New mods since when? Trifecta released a tune at the end of September...


----------



## bad_diesel (Mar 11, 2014)

How good is the tune? I been gone since before September and haven't really had time to research like I would like to


----------



## Danny5 (Dec 22, 2011)

As a tune, it's great!

But as good as the Fleece tune? Maybe not quite.

Trifecta Tune is cheaper by $100
Trifecta Tune requires laptop to flash ECU vs Fleece has handheld
Trifecta Tune comes with a new Transmission Tune
Trifecta Tune only has one level of tuning vs Fleece has 3
Trifecta 50hp tune drivability better than Fleece 50hp tune, but Fleece 30 & 40hp tune drivability is better than Trifecta.
Trifecta Customer Service is more responsive

2 sides of the same coin IMHO.


----------



## bad_diesel (Mar 11, 2014)

You said that it have a transmission tune. I read somewhere that our transmissions couldn't hold more that 345ft/lbs. How close to that limit is this getting the car? That is if what I read was even true.


----------



## MilTownSHO (Oct 9, 2013)

Danny5 said:


> As a tune, it's great!
> 
> But as good as the Fleece tune?
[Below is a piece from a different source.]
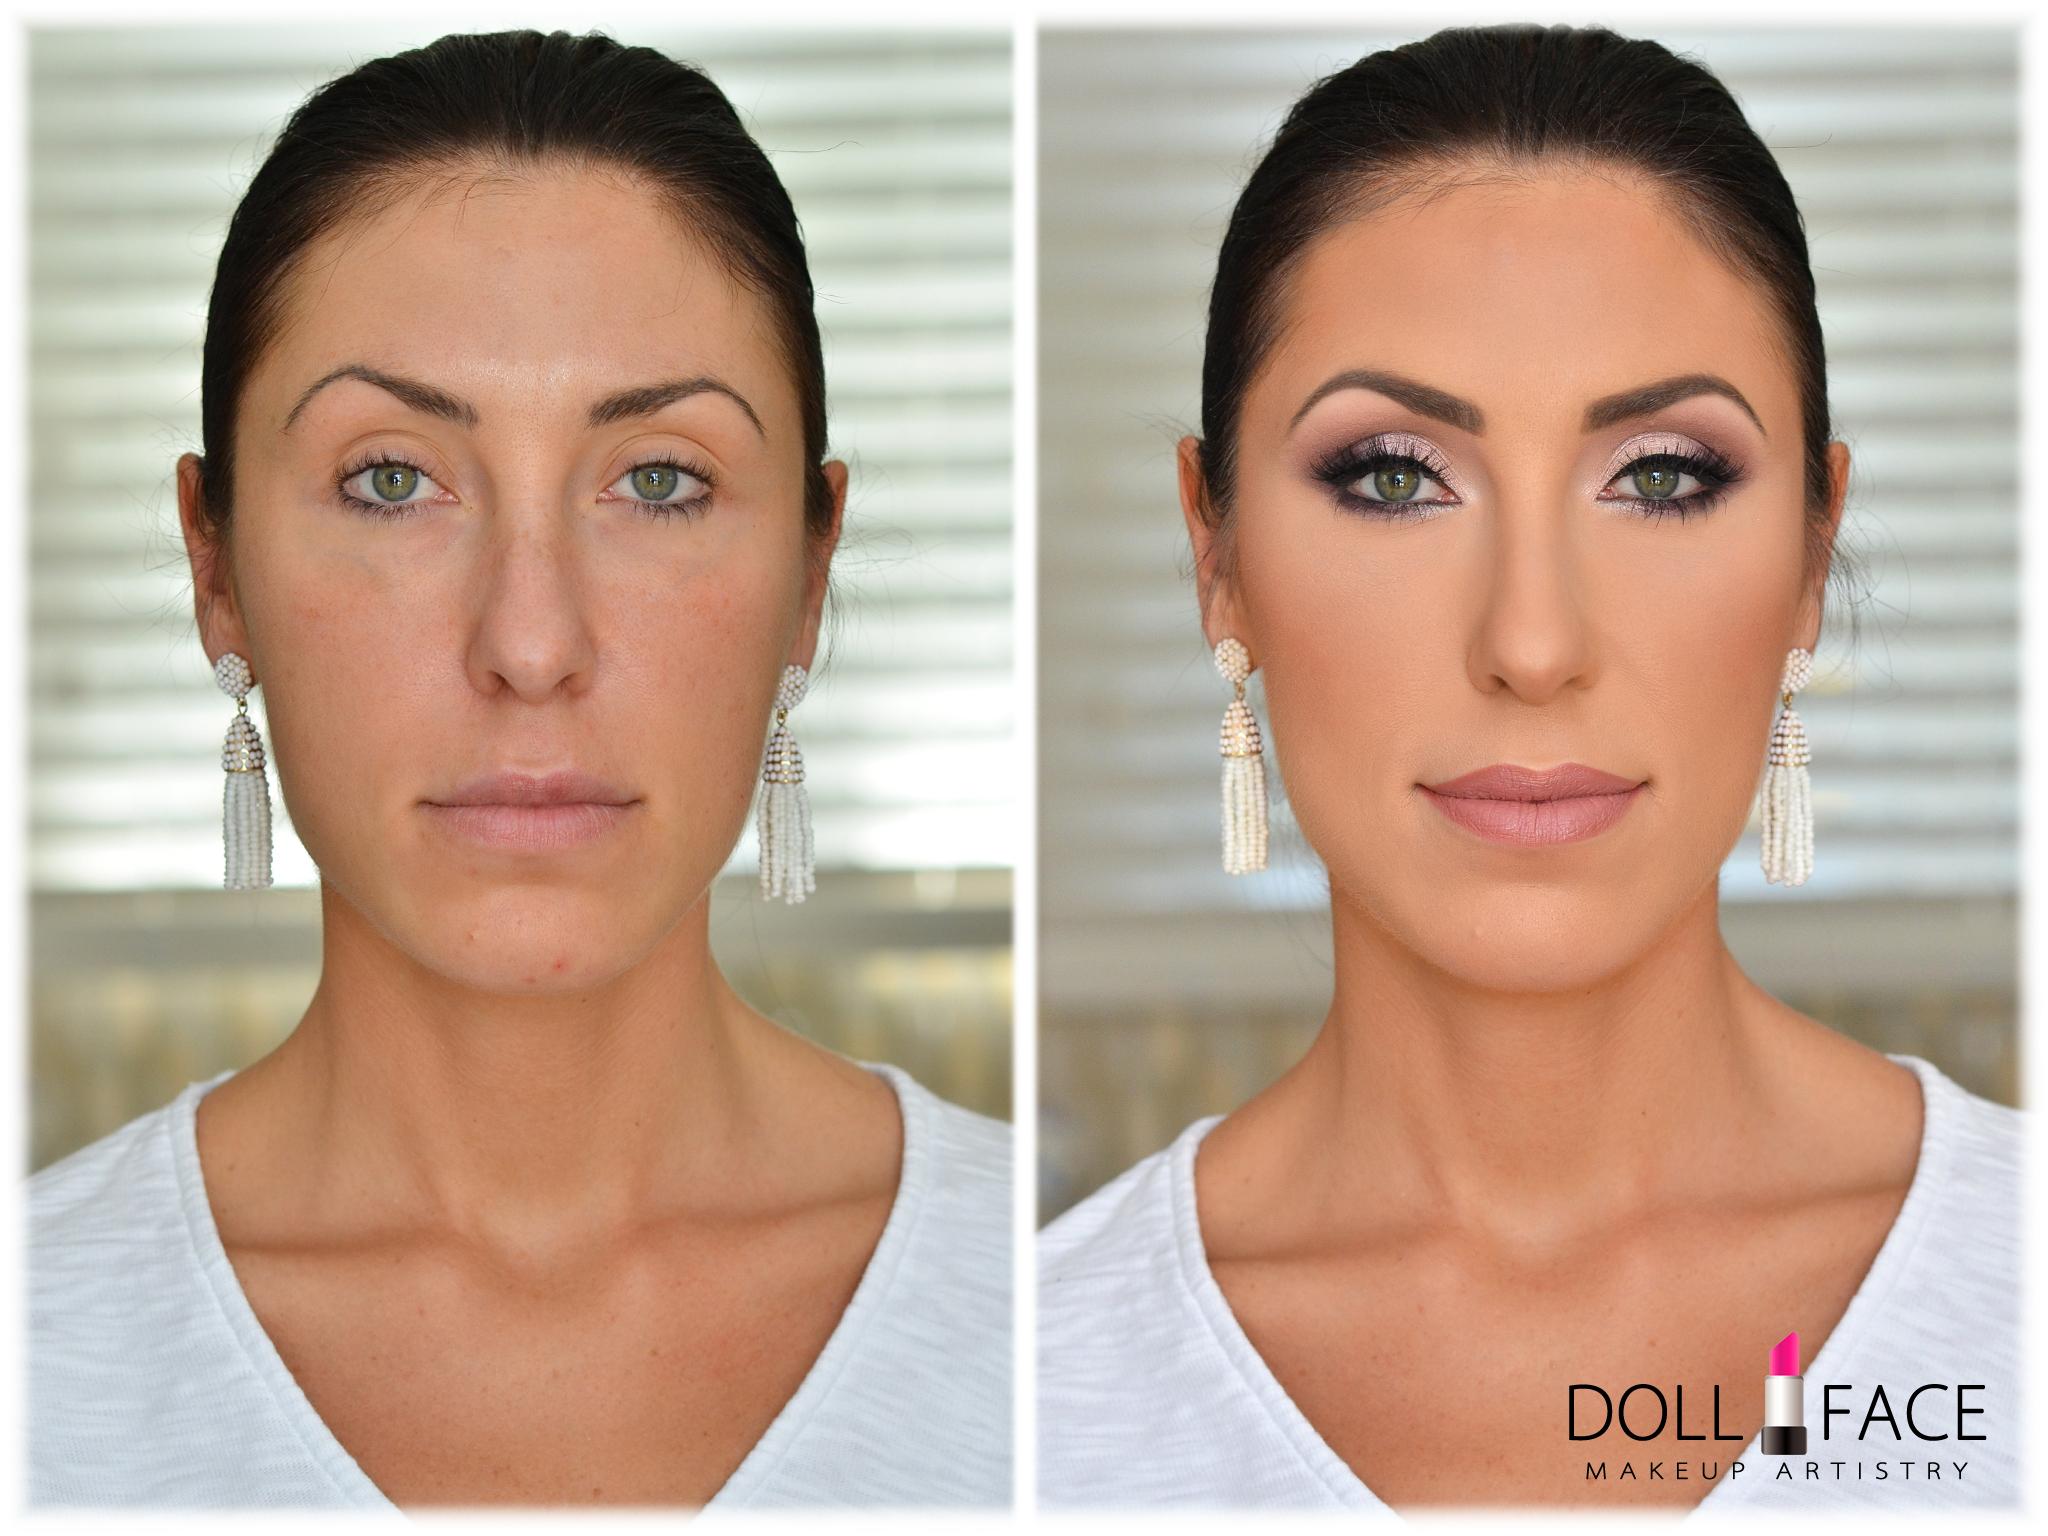 doll face makeup artistry nj

Maybe not quite.
> 
> ...


Pretty good description but I would say Trifecta's customer service can be just as terrible.

As far as the Trifecta transmission programming, I honestly don't notice any difference.

If I could go back in time I would have stayed with Fleece since I already had it in my hand, mainly because of the drive ability factor (much smoother and linear than Trifecta) and the convenience of having the handheld.

For the $100 difference though, it's a toss up. Although you could get a Fleece tune through a reseller as well for cheaper...


----------



## money_man (Feb 25, 2014)

Trifecta also claims it doesn't change the flash counter in the ecu


Sent from the sexy electrician


----------